WHAT YOU ARE ASKED TO DO – Say how many lines in the records contain the string "team". Nothing but the number should be given.
*** RECORD EXTRACTS ***
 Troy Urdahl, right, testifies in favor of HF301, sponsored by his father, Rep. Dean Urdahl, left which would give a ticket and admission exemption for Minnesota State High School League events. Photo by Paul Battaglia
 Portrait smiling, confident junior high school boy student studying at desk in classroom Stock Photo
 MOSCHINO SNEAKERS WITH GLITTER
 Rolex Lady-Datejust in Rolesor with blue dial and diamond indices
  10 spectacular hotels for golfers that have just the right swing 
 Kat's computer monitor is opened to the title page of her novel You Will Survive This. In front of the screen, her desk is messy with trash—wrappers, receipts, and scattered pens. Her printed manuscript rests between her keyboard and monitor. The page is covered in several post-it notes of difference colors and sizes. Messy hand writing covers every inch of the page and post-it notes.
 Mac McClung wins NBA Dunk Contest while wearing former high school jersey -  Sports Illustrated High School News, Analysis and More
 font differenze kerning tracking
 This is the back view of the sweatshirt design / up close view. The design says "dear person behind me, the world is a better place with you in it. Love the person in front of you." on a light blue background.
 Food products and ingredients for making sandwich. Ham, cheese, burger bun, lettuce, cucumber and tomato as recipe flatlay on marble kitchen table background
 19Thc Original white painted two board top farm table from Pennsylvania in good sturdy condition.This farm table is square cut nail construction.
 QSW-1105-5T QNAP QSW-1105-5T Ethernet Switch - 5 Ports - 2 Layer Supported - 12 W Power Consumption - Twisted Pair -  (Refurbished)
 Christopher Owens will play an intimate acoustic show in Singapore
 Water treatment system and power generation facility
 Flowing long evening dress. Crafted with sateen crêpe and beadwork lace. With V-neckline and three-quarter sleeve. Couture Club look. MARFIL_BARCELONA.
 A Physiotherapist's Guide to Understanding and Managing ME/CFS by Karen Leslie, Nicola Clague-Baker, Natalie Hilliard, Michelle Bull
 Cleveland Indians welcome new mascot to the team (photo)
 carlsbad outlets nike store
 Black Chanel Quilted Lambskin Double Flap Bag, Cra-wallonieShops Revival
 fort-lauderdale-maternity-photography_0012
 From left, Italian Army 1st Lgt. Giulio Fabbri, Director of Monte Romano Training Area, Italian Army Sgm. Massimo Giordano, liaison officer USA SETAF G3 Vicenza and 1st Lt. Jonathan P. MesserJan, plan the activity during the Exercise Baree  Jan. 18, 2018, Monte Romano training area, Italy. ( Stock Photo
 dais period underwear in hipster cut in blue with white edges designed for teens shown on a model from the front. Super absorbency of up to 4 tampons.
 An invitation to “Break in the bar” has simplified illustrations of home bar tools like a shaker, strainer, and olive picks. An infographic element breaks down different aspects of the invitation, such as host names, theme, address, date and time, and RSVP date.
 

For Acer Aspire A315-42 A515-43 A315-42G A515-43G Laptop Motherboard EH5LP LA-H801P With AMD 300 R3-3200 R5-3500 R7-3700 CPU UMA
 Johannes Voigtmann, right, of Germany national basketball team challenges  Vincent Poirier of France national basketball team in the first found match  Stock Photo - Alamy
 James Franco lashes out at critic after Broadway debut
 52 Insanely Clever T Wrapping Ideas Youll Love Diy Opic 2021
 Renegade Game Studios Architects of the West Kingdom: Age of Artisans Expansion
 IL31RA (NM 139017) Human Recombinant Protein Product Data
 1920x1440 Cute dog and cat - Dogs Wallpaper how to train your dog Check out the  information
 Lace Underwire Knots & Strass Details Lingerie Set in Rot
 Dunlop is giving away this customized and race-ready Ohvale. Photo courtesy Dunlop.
*** End of RECORD EXTRACTS ***
TASK SOLUTION – 2